Here are the minimum hardware requirements for PopSift:

Minimum requirements

Operating systems

Windows x64, Linux, macOS

CPU

Recent Intel or AMD cpus

RAM Memory

8 GB

Hard Drive

No particular requirements

GPU

NVIDIA CUDA-enabled GPU (compute capability >= 3.5)

Software

The core library depends only on Cuda >= 7.0

The library includes a few sample applications that show how to use the library. They require

  • Boost >= 1.55 (required components atomic, chrono, date-time, system, thread)

  • [optionally] DevIL (libdevil-dev) can be used to load a broader range of image formats, otherwise only pgm is supported.


vcpkg

vcpkg is a cross-platform (Windows, Linux and MacOS), open-source package manager created by Microsoft.

We are planning to release a port of the library so that it can be easily built using the package manager on all supported platforms. Stay tuned!


Building the library

Building tools

Required tools:

  • CMake >= 3.14 to build the code

  • Git

  • C/C++ compiler supporting the C++11 standard (gcc >= 4.6 or visual studio or clang)

  • CUDA >= 7.0

Dependencies

vcpkg

vcpkg can be used to install all the dependencies on all the supported platforms. This is particularly useful on Windows. To install the dependencies:

vcpkg install cuda devil boost-system boost-program-options boost-thread boost-filesystem

You can add the flag --triplet to specify the architecture and the version you want to build. For example:

  • --triplet x64-windows will build the dynamic version for Windows 64 bit

  • --triplet x64-windows-static will build the static version for Windows 64 bit

  • --triplet x64-linux-dynamic will build the dynamic version for Linux 64 bit

and so on. More information can be found here

Linux

On Linux you can install from the package manager:

For Ubuntu/Debian package system:

sudo apt-get install g++ git-all libboost-all-dev libdevil-dev

For CentOS package system:

sudo yum install gcc-c++ git boost-devel devil

MacOS

On MacOs using Homebrew install the following packages:

brew install git boost devil

Getting the sources

git clone https://github.com/alicevision/PopSift.git

CMake configuration

From PopSift root folder you can run cmake:

mkdir build && cd build
cmake ..
make -j `nproc`

On Windows add -G "Visual Studio 16 2019" -A x64 to generate the Visual Studio solution according to your VS version (see CMake documentation).

If you are using the dependencies built with VCPKG you need to pass -DCMAKE_TOOLCHAIN_FILE=path/to/vcpkg/scripts/buildsystems/vcpkg.cmake at cmake step to let it know where to find the dependencies.

CMake options

CMake configuration can be controlled by changing the values of the following variables (here with their default value)

  • BUILD_SHARED_LIBS:BOOL=ON to enable/disable the building shared libraries

  • PopSift_BUILD_EXAMPLES:BOOL=ON to enable/disable the building of applications

  • PopSift_BUILD_DOC:BOOL=OFF to enable/disable building this documentation and the Doxygen one.

For example, if you do not want to build the applications, you have to pass -DPopSift_BUILD_EXAMPLES:BOOL=OFF and so on.


PopSift as third party

When you install PopSift a file PopSiftConfig.cmake is installed in <install_prefix>/lib/cmake/PopSift/ that allows you to import the library in your CMake project.
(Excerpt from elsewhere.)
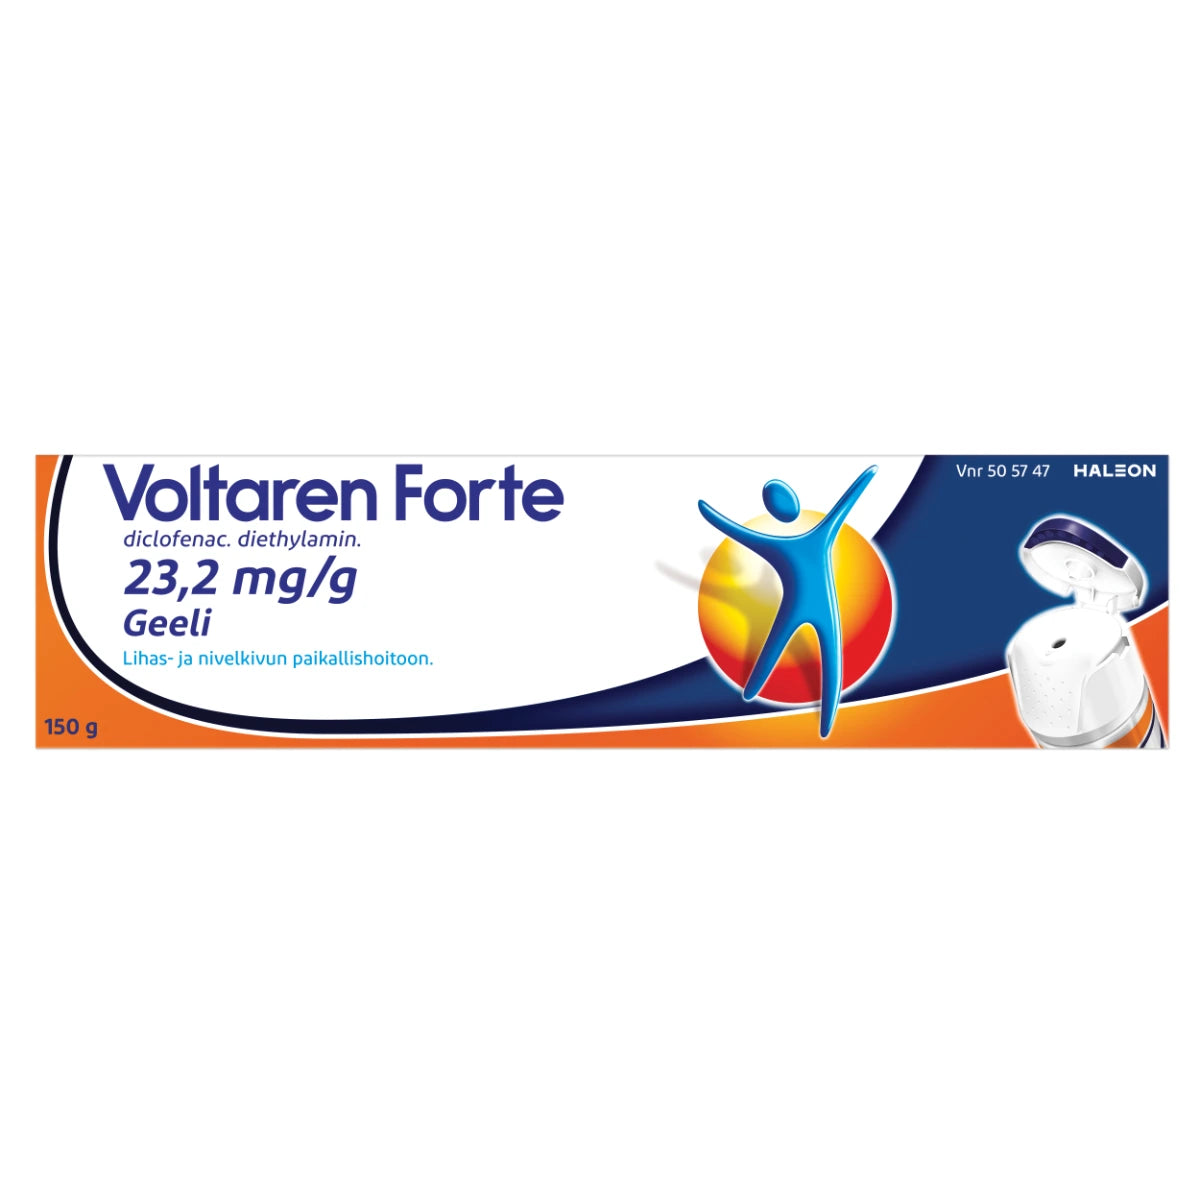 VOLTAREN FORTE 23,2 mg/g geeli 150 g lihas- ja nivelkipuun

In your CMakeLists.txt file you can add the dependency in this way:

 1
 2
 3
 4
 5
 6
 7
 8
 9
10
# Find the package from the PopSiftConfig.cmake
# in <prefix>/lib/cmake/PopSift/. Under the namespace PopSift::
# it exposes the target PopSift that allows you to compile
# and link with the library
find_package(PopSift CONFIG REQUIRED)
...
# suppose you want to try it out in a executable
add_executable(popsiftTest yourfile.cpp)
# add link to the library
target_link_libraries(popsiftTest PUBLIC PopSift::PopSift)

Then, in order to build just pass the location of PopSiftConfig.cmake from the cmake command line:

cmake .. -DPopSift_DIR=<install_prefix>/lib/cmake/PopSift/

Docker image

A docker image can be built using the Ubuntu based Dockerfile, which is based on nvidia/cuda image (https://hub.docker.com/r/nvidia/cuda/ )

Building the dependency image

We provide a Dockerfile_deps containing a cuda image with all the necessary PopSift dependencies installed.

A parameter CUDA_TAG can be passed when building the image to select the cuda version. Similarly, OS_TAG can be passed to select the Ubuntu version. By default, CUDA_TAG=10.2 and OS_TAG=18.04

For example to create the dependency image based on ubuntu 18.04 with cuda 8.0 for development, use

docker build --build-arg CUDA_TAG=8.0 --tag alicevision/popsift-deps:cuda8.0-ubuntu18.04 -f Dockerfile_deps .

The complete list of available tags can be found on the nvidia [dockerhub page](https://hub.docker.com/r/nvidia/cuda/)

Building the PopSift image

Once you built the dependency image, you can build the popsift image in the same manner using Dockerfile:

docker build --tag alicevision/popsift:cuda8.0-ubuntu18.04 .

Running the PopSift image

In order to run the image nvidia docker is needed: see the installation instruction. Once installed, the docker can be run, e.g., in interactive mode with

docker run -it --runtime=nvidia alicevision/popsift:cuda8.0-ubuntu18.04

Official images on DockeHub

Check the docker hub PopSift repository for the available images.

Library usage

Detection

API References

Main Classes

class SiftJob

Public Functions

SiftJob(int w, int h, const unsigned char *imageData)

Constructor for byte images, value range 0..255.

Parameters
  • [in] w: the width in pixel of the image

  • [in] h: the height in pixel of the image

  • [in] imageData: the image buffer

SiftJob(int w, int h, const float *imageData)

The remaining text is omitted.